The application is -- ultimately -- going to be in Python. There are two candidate DOM's that could have been used: the XML DOM and the RST DOM as implemented in Docutils nodes module. Instead, they were reinventing: they appear to have spent a great deal of time writing use cases for "editor". I expect there was a use case for "wheel" and "fire" in there also.

What scared me was the "flatness" of the model. Every buzzword had it's own class. There was no inheritance or reuse anywhere in the diagram. Parts of the model where influenced by the DocBook schemas. The actual DTD could have been turned into the model, but wasn't.

Further, undefinable terms like "sentence" showed up as class definitions. XML's DOM treats all text as -- well -- text. Any language structure is outside the DOM. RST, similarly, treats text as a container "... children are all `Text` or `Inline` subclass nodes."

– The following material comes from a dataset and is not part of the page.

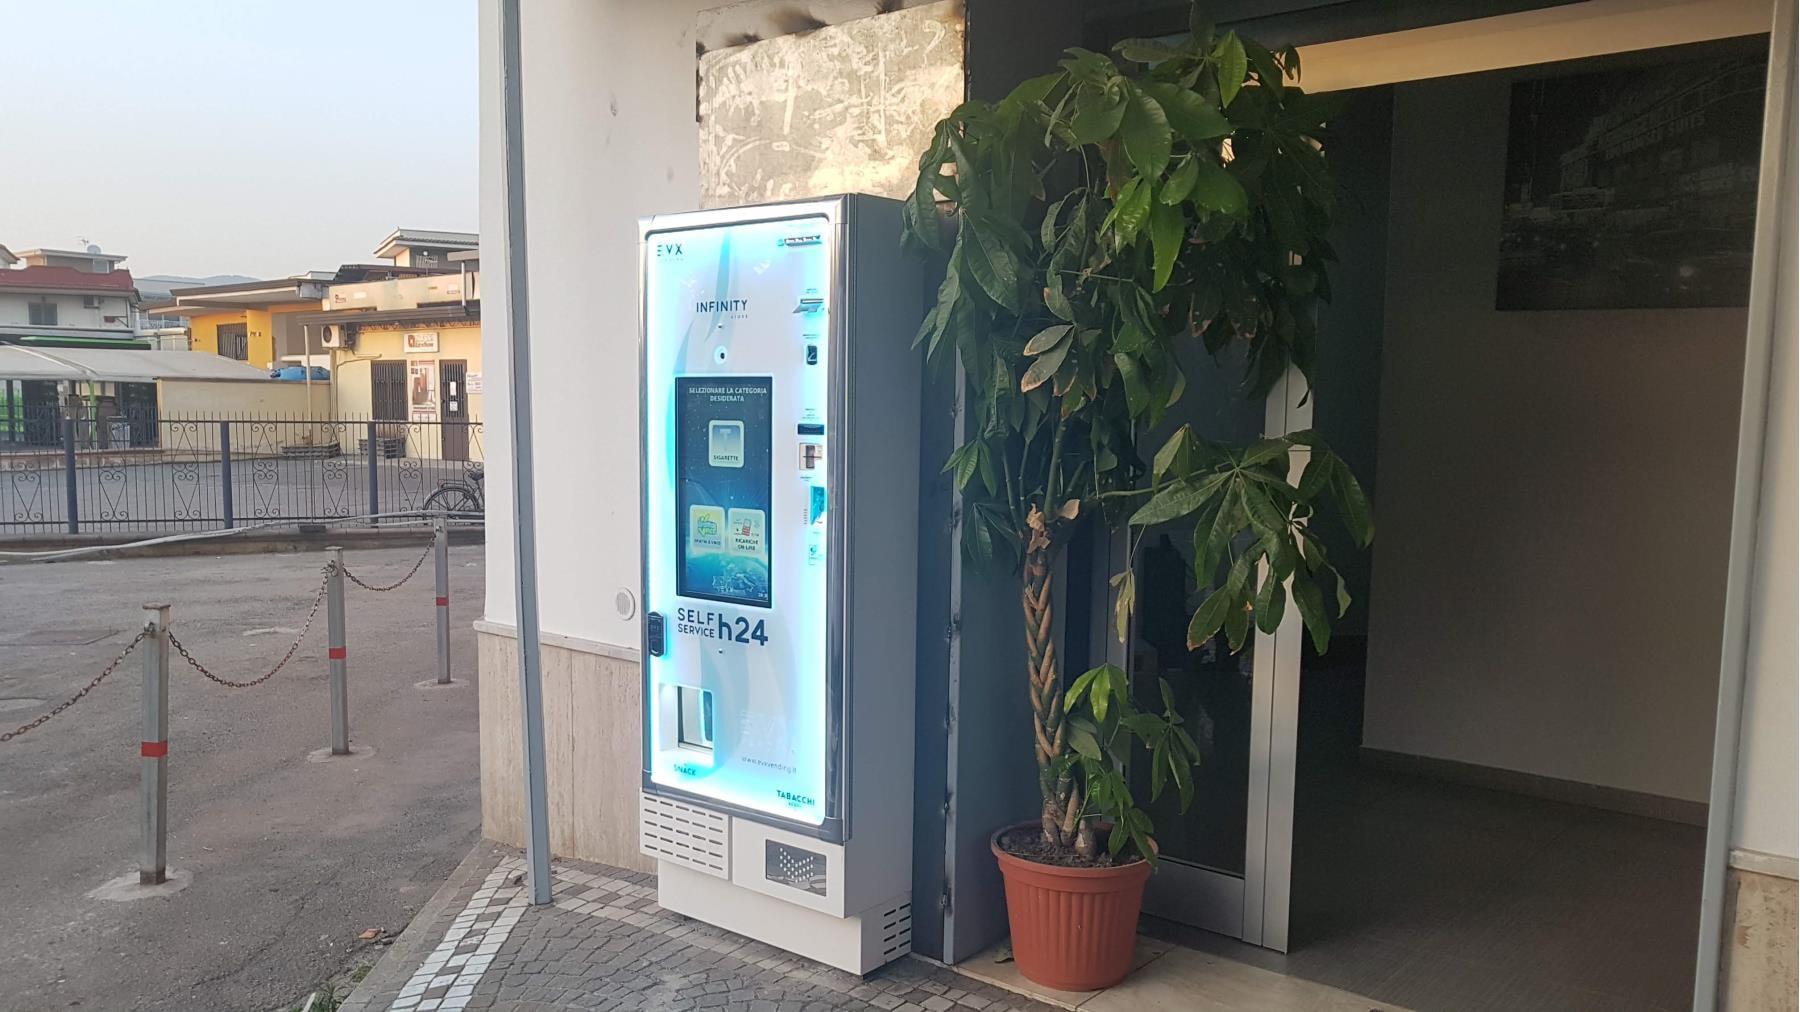 distributore-automatico-sigarette-evx-infinity_store

All I could suggest was "locate common superclasses" and "until you can define 'sentence', omit it". And then run outside and gouge out my eyes.

It's hard to criticize something like that in a truly helpful manner. Fixing the model is merely putting lipstick on a pig.

As far as I can tell, the application is -- somehow -- an editor that imposes a severe set of structural constraints on what the author can do. It's as if RST, docutils and Sphinx don't exist. The real solution isn't "fix your object model" it's "fix your problem statement and learn RST."



Post Script

Check out this reply:
The advantage of having an "outliner data model" and a "document data model" like DocBook XML is that your outliner functionality is not limited by the DocBook XML. The downside is that have to create and support a second model as well as provide a mapping between the two.
In other words, rather than simplify, we'll (1) insist the eye-gougingly bad model is "better", (2) justify the complexity ("not limited by DocBook [DOM]") by and (3) plan to add some more complexity to map an overly complex (and atypical) DOM to a standard DOM.

Not a very parsimonious approach to design.